Despite the significant decrease in the number of properties being put into auction, auction clearance rates in Australia continued to decline over the past week – possibly recording the weakest level in years.
Preliminary estimates from CoreLogic point to a 47.4% clearance rates, lower than the preceding period's 50.2%.
Homes remain a stronger category than units, recording a higher clearance rate of 48.3%.
According to Business Insider Australia, there were 1,529 homes that went under the hammer during the last week of October, down from 2,928 over the same period in September.
AMP Capital chief economist Shane Oliver said the current slowdown in clearance rates will likely result in further declines in property prices, particularly in Sydney and Melbourne.
"Recent auction clearance rates averaging around the mid-40s in Sydney and Melbourne are consistent with ongoing price declines of around 7% per annum," he told Business Insider Australia.

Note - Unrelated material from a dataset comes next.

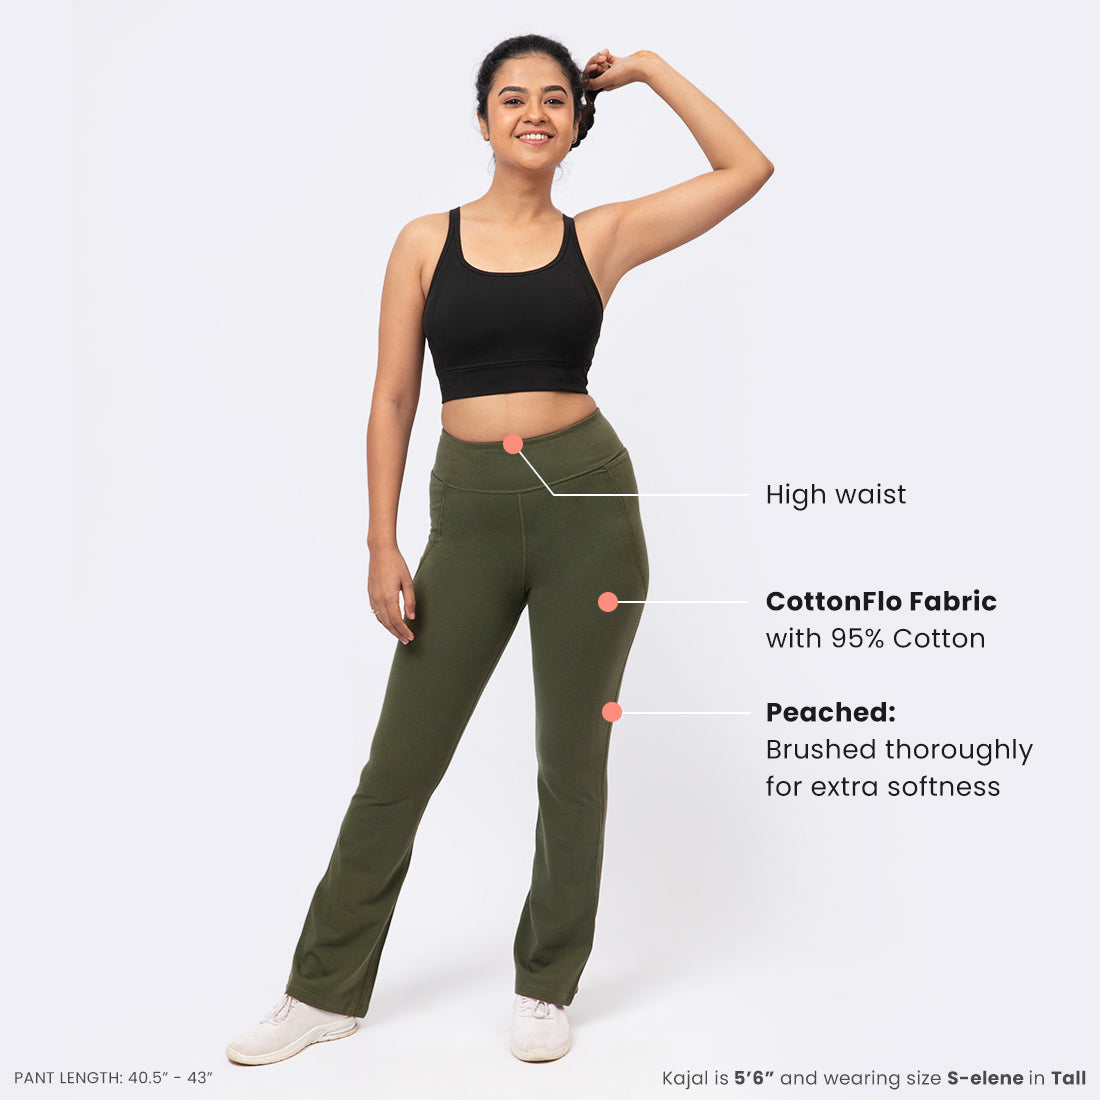 The Groove-In Cotton Flare Pants

Over the recent months leading to October, median prices in Sydney and Melbourne have already dropped by 7.4% and 4.7%, respectively -- two of the largest declines in any capital city in Australia over the said period.
"Tighter bank lending standards, particularly around tougher income and expense verification and total debt to income limits, along with poor affordability, rising unit supply, falling price growth expectations and a fear of not getting out for investors are pushing prices down prices in cities which have seen strong gains since 2012," Oliver said.
There are also risks that price declines may accelerate, given that the weak clearance rates coincided with the housing oversupply.